Three promises or expressions within unity embody the role of Israel as Yahweh's preferred servant nation. Israel will serve as (1) special possession among all nations; (2) a kingdom of priests; and (3) a holy nation. Yahweh first promises that Israel, if it obeys, will be its "esteemed possession among all peoples" (verse 5b). The term "treasure possession" is commonly referred to as "esteemed possession," "personal possession," or "treasure" (BDB, 688; Halot742). The term is twice attested in Ugaritic, where it appears in parallel with "servant" and expresses the relationship within the Supremacy Vassal Confederations, in which the vassal is identified as the exclusive property or esteemed possession of God. The term thus emphasizes that Yahweh has property rights to the devotional and undivided ministry of his vassal. Israel thus occupies a privileged position as the special nation that commissions God as his special and faithful representative to the nations of the earth. Second, the Lord promises that Israel will be a kingdom of priests. This latter sentence has led to heated discussions. (7) While at least four options have been proposed for the meaning of the proposition, the most probable sense is an attributive genitive theorem: "kingdom of priests" or "priestly kingdom" the most common use and meaning of the construct genitive. It is also most consistent with the meaning of the first Hebrew term, which means "kingdom" rather than "king" everywhere and more in line with the parallel phrase "holy nation". The emphasis would be on the status of Israel as the kingdom of God, theocratic rule and its function as a mediator or priestess towards other nations.
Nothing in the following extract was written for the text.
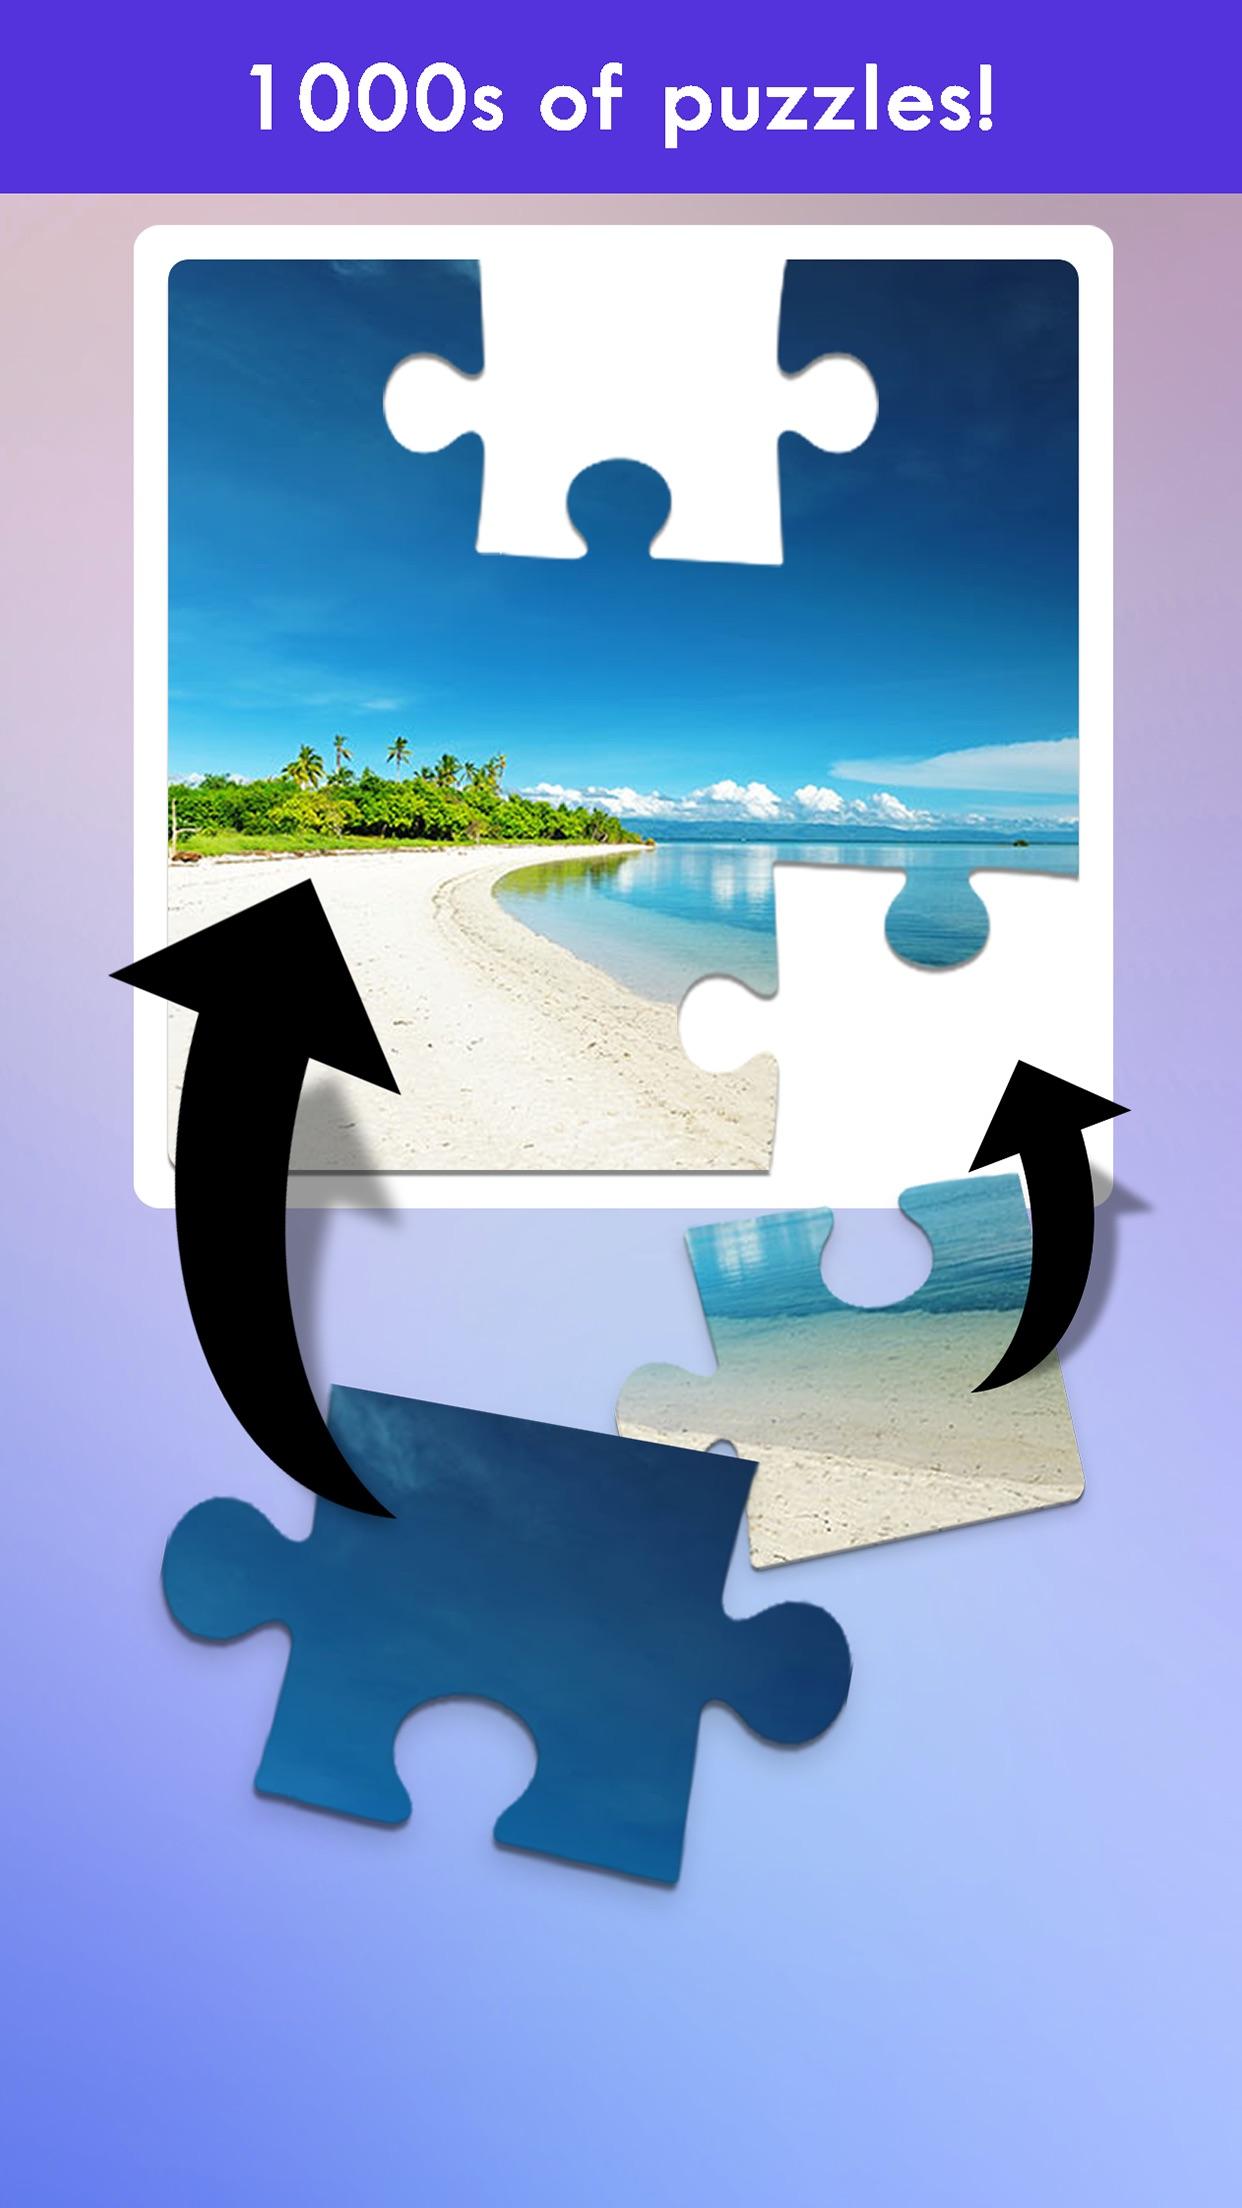 100 PICS Puzzles - jigsaw puzzle games Screenshot
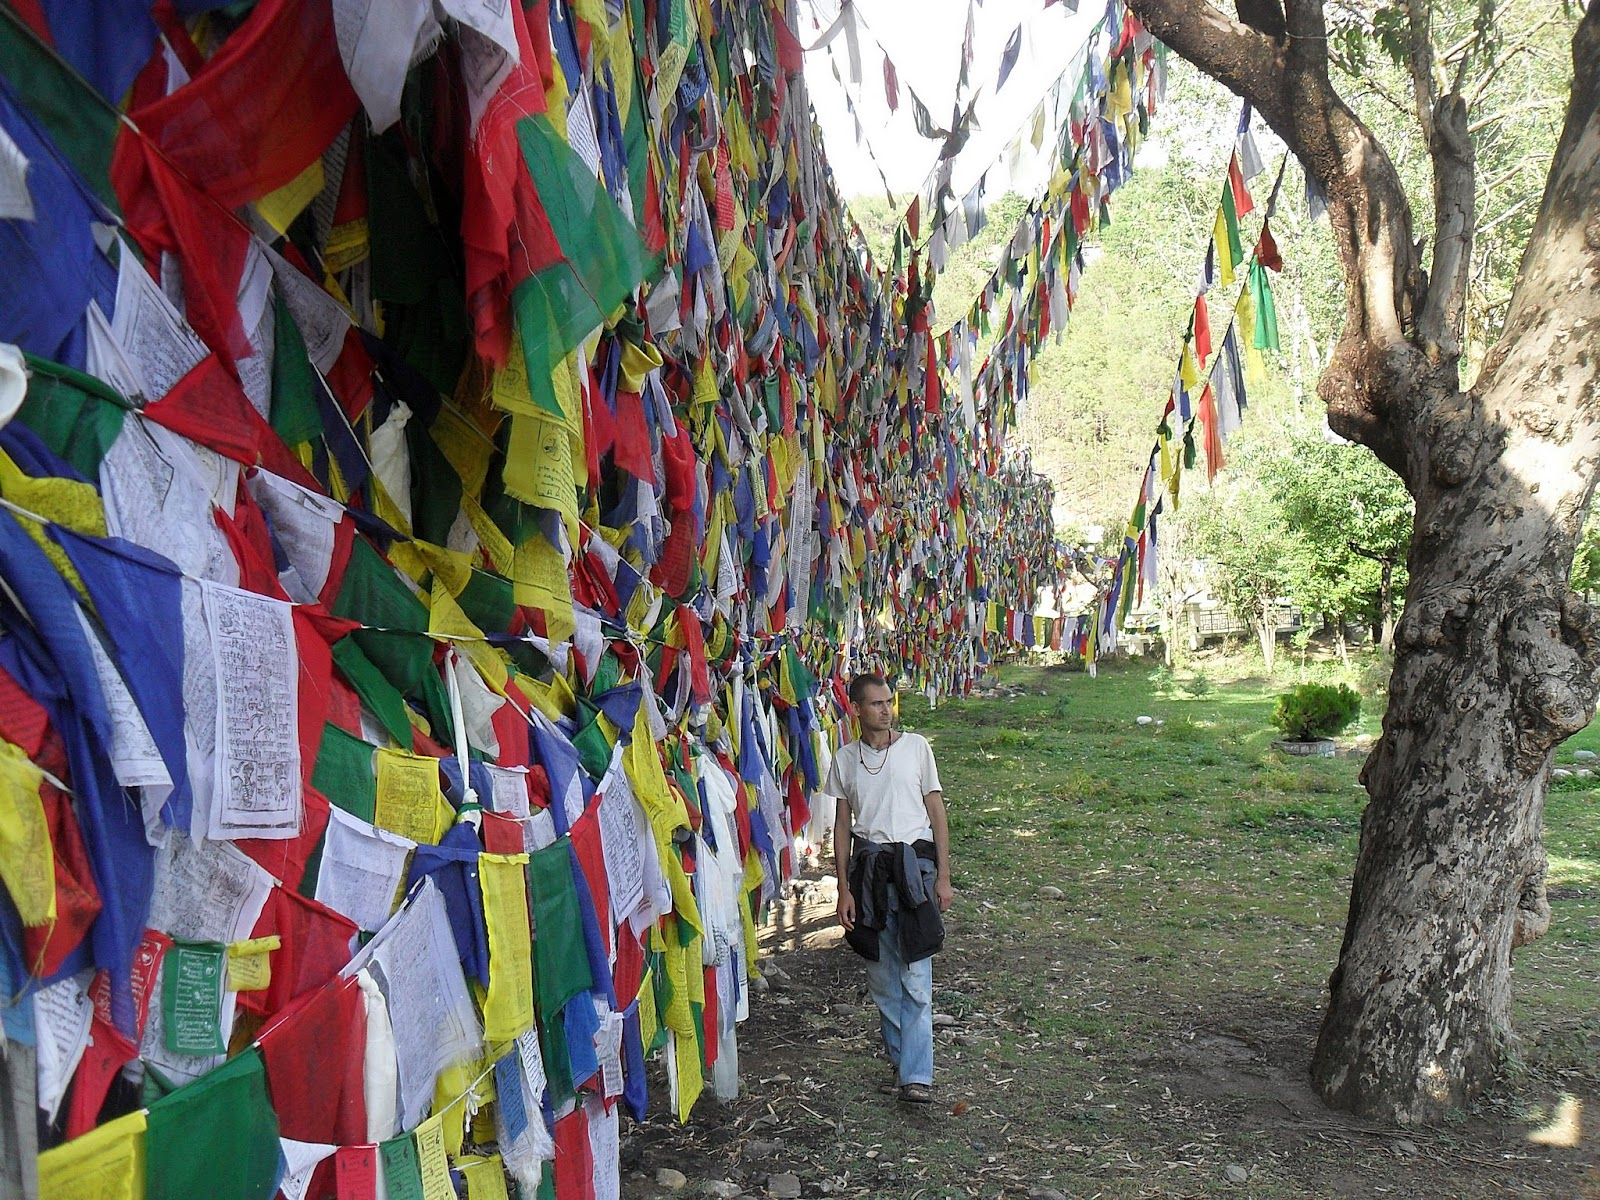 стена из тибетских флажков около озера Ревалсар

Third, Yahweh promises that Israel will act as a "holy nation." The emphasis here is on Israel's role as an ethical model for the nations that reflects God's own character. Israel is to be the paradigm of the theocratic rule that radiates the glory of God and encourages the nations to worship properly.

After examining the theme of God's concern for the Pentateuch nations, I will next go on and examine this motif in the Psalter and in the Book of Isaiah.

(1) Charles H. H. Scobie, "Israel and the Nations: An Essay in Biblical Theology" TynBull 43 (1992): 285.

(2) I am committed to the following studies: Michael A. Grisanti, "The Missing Mandate: Missions in the Old Testament", in Missions in a New Millennium: Change and Challenges in World MissionsEd. W. Edward Glenny and William H. Smallman, 43-68 (Grand Rapids: Kregel, 2000), 44-57; Craig Ott and Stephen J. Strauss, Meeting the theology of mission: biblical foundations, historical developments and current topics (Grand Rapids: Baker, 2010), 6-21.

(3) This is the most common use of the Niphal and gives the best sense in context (Waltke and O & # 39; Connor, p. 395).

(4) Wright, "Old Testament and Christian Mission", 39.

(5) Ibid., 40.

(6) Alva J. McClain, The size of the kingdom62-63.

(7) See Walter C. Kaiser Jr., "Exodus," in The bible commentary of the exhibitor2, 417.